この追加されたスケールアウトクラスターデザインは、1つのクラスターで数千のノードにスケールアウトする際に課される可能性のある制限にも対処します。さらに、このログインクラスターは、それぞれが他のクラスターから負荷を受けたり、クラスター間でトラフィックを再分配したりすることができるため、信頼性と耐障害性を高めることができます。

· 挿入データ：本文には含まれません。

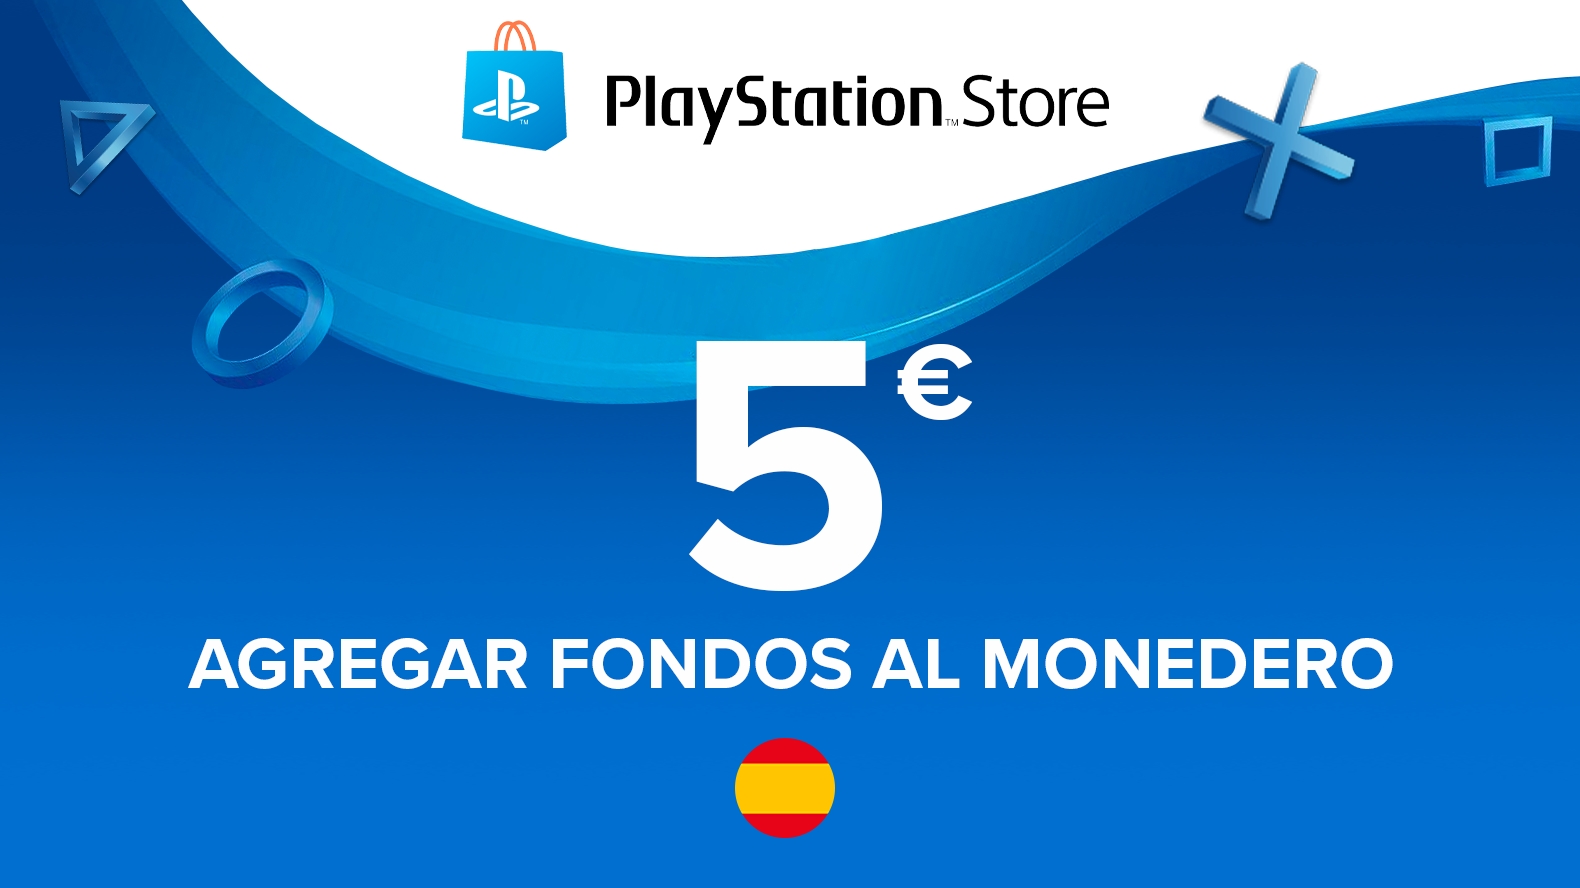 5 euro gift card ps4

マルチテナントの設計と組み合わせることで、どのログインクラスターからでも、どのテナントに対しても「無制限」のリソースを効率的に提供することができます。

ここで示されたシステムにより、大規模かつ効率的でメンテナンス性に優れたIDaaSプラットフォームを実現することができますが、最上位のシャーディングを分離することで、スケールアウトを活用することもできます。各シャードは完全に独立し隔離されているため、新しいシャードを追加することで、理論的には任意の数のテナントにスケールアウトすることができます。

クラスターのアーキテクチャ

クラスターは、スタンドアロンのKubernetes(AWS EKS)クラスターとして実装されています。

そのアーキテクチャ、デザイン、展開は複雑であるため、ブログ記事でより深く説明する価値があります。

まとめ

スケーラビリティと信頼性のためのシステム設計には複数の方法があり、その他と同様に唯一の方法はありません。

自分たちの製品がどのように使われているかを調べ、主なユーザーを分類し、何に重点を置くべきか、(もしかしたらさらに重要かもしれない)何に重点を置かないかを決めることで、将来のソリューションのキーコンセプトが見えてきました。

そのコンセプトを書き出し、その道のりに沿って一つ一つ設計上の決定を行った結果、スケーラブルで信頼性の高い製品を構築することができ、私たちはそれをとても誇りに思っています(信頼性への道のりを参照)。

自分の製品がどのように使われているかを見て、自分なりのキープリンシプル、制約そしてインサイトを見つけてください。このブログが、その道のりの手助けとなれば幸いです!